Because the Free Heap (as is shown in either vmstat or /proc/meminfo) is so low, OCFS goes into a CPU spin before it can get the resource it requires.
This can have two very serious negative consequences :
1. The whole RAC cluster will slow up while the affected node is in a CPU spin or
2. The cluster manager will fail entirely and the RAC will go down.
The solution, as I see it, is to force the Red Hat Linux 3 VM to release more memory sooner into the free heap. Unfortunately, I can not find a way to do this. I have tried different setting in the /proc/sys/vm files (bdflush, pagecache, kswapd, etc.) but with no success. It appears to me that the Red Hat Linux 3 VM completely ignores any of these parameters, which is very disappointing.

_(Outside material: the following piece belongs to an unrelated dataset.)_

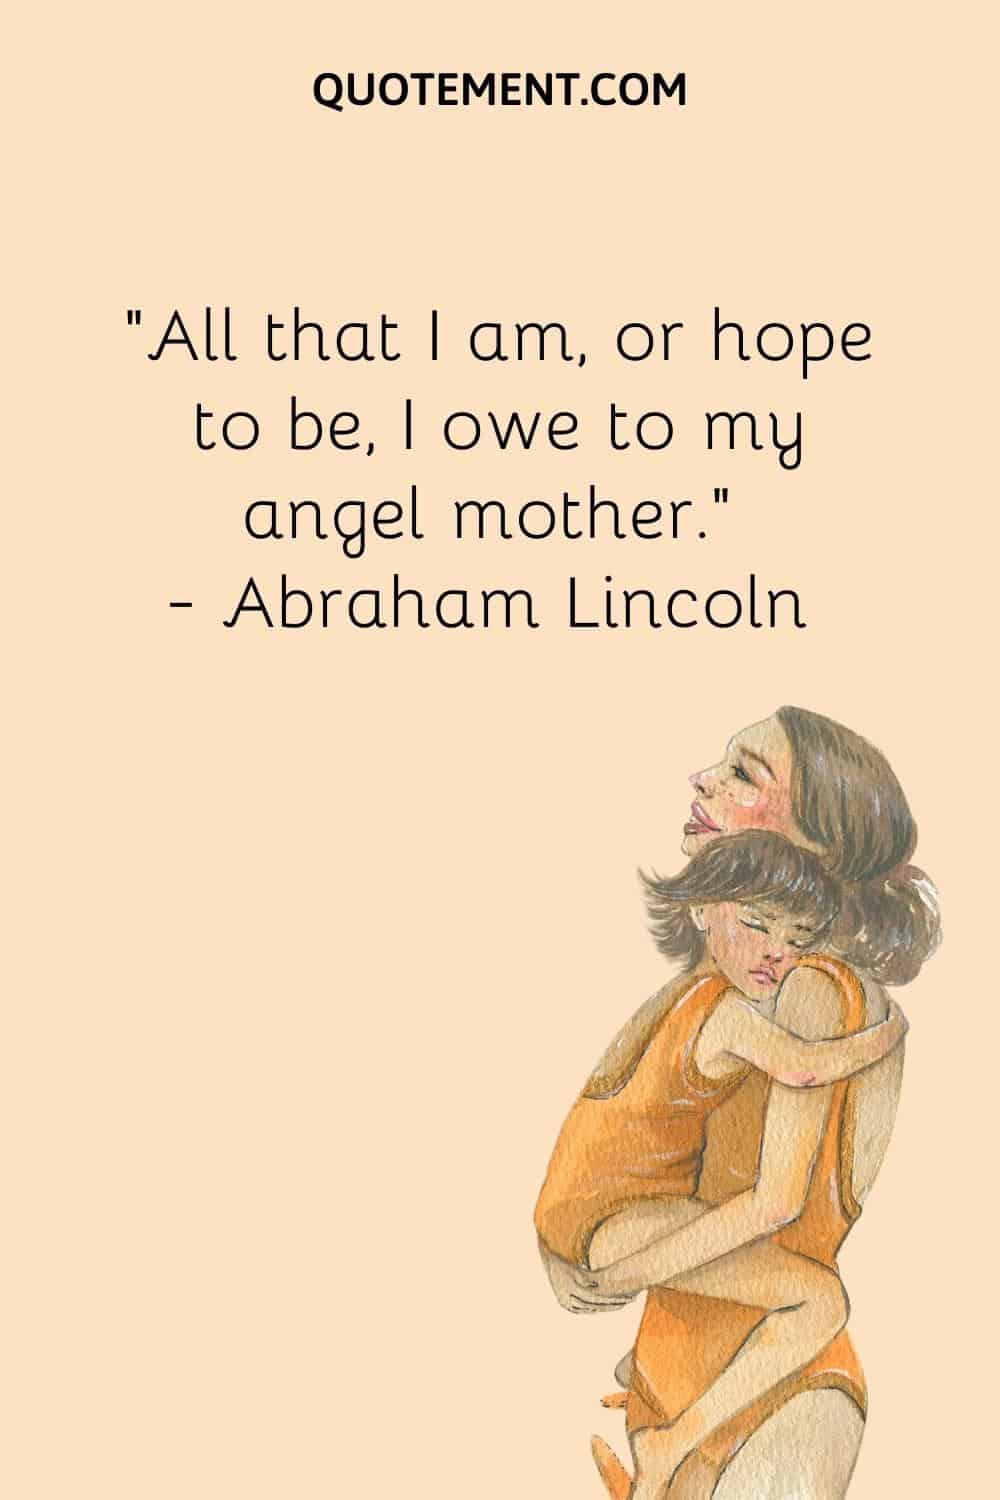 All that I am, or hope to be, I owe to my angel mother. — Abraham Lincoln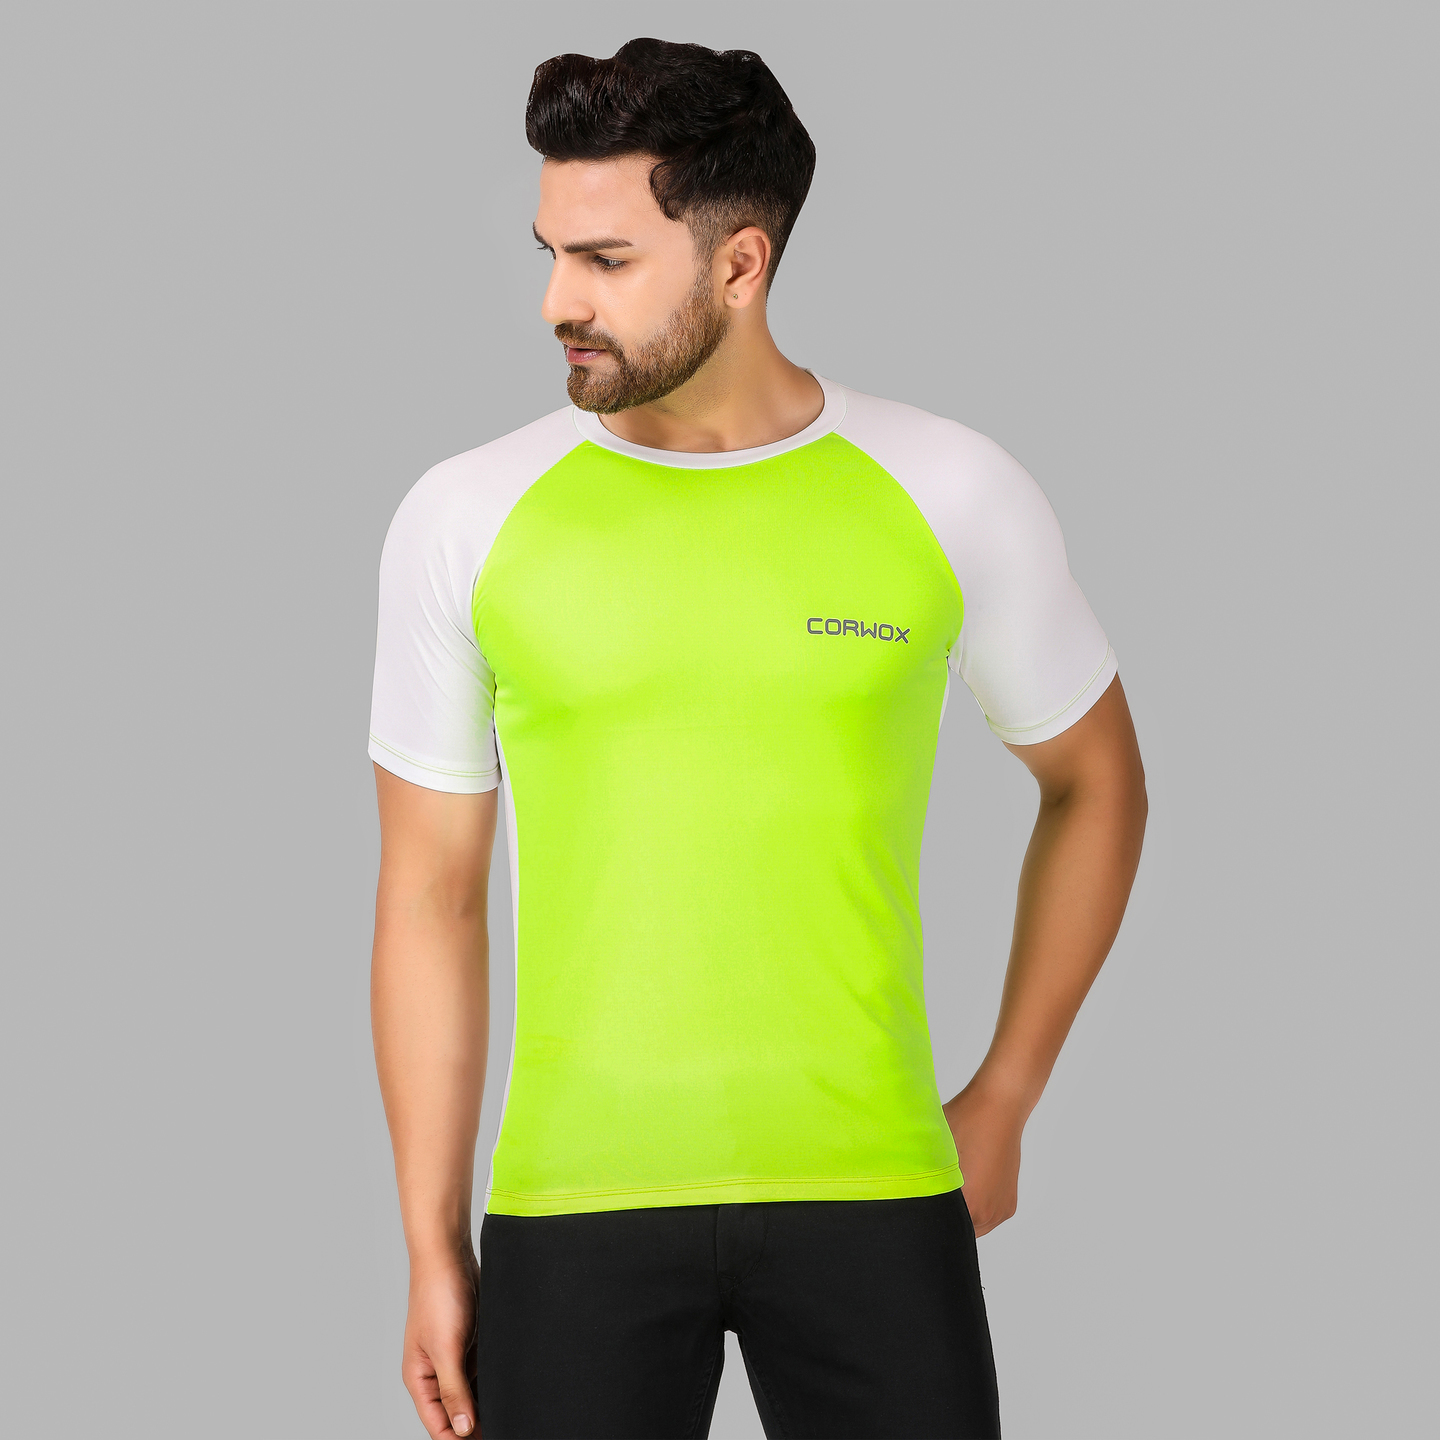 CORWOX Mens Neon Green & White Sports T-Shirt

If all of this seems a bit far fetched, I had exactly the same issue on our previous system which used Red Hat Linux 2.1. In that situation, I was able to write a program that automatically sensed the low RAM situation and would force the VM to return large amounts of RAM to the free heap by setting the pagecache parameters to : 10 20 30 for a short while (a few minutes) before resetting the pagecache to the default 1 50 90.
The new Red Hat V3 Linux pagecache defaults to : 1 15 30, and the parameters are used in a completely different way, so that avenue (as far as I can tell) is closed to me. Further, this version of the kernel completely ignors any different values set in 'pagecache'.
I would appreciate any help/guidance with this issue. There must be a solution, and I am more then willing to learn about it from someone with a greater knowledge of the Linux VM than myself.
As an aside, I have tuned VM's for 'big iron' Unix systems, and have never seen this behaviour - so am quite surprised by it.
Many Thanks in Advance,
Adrian.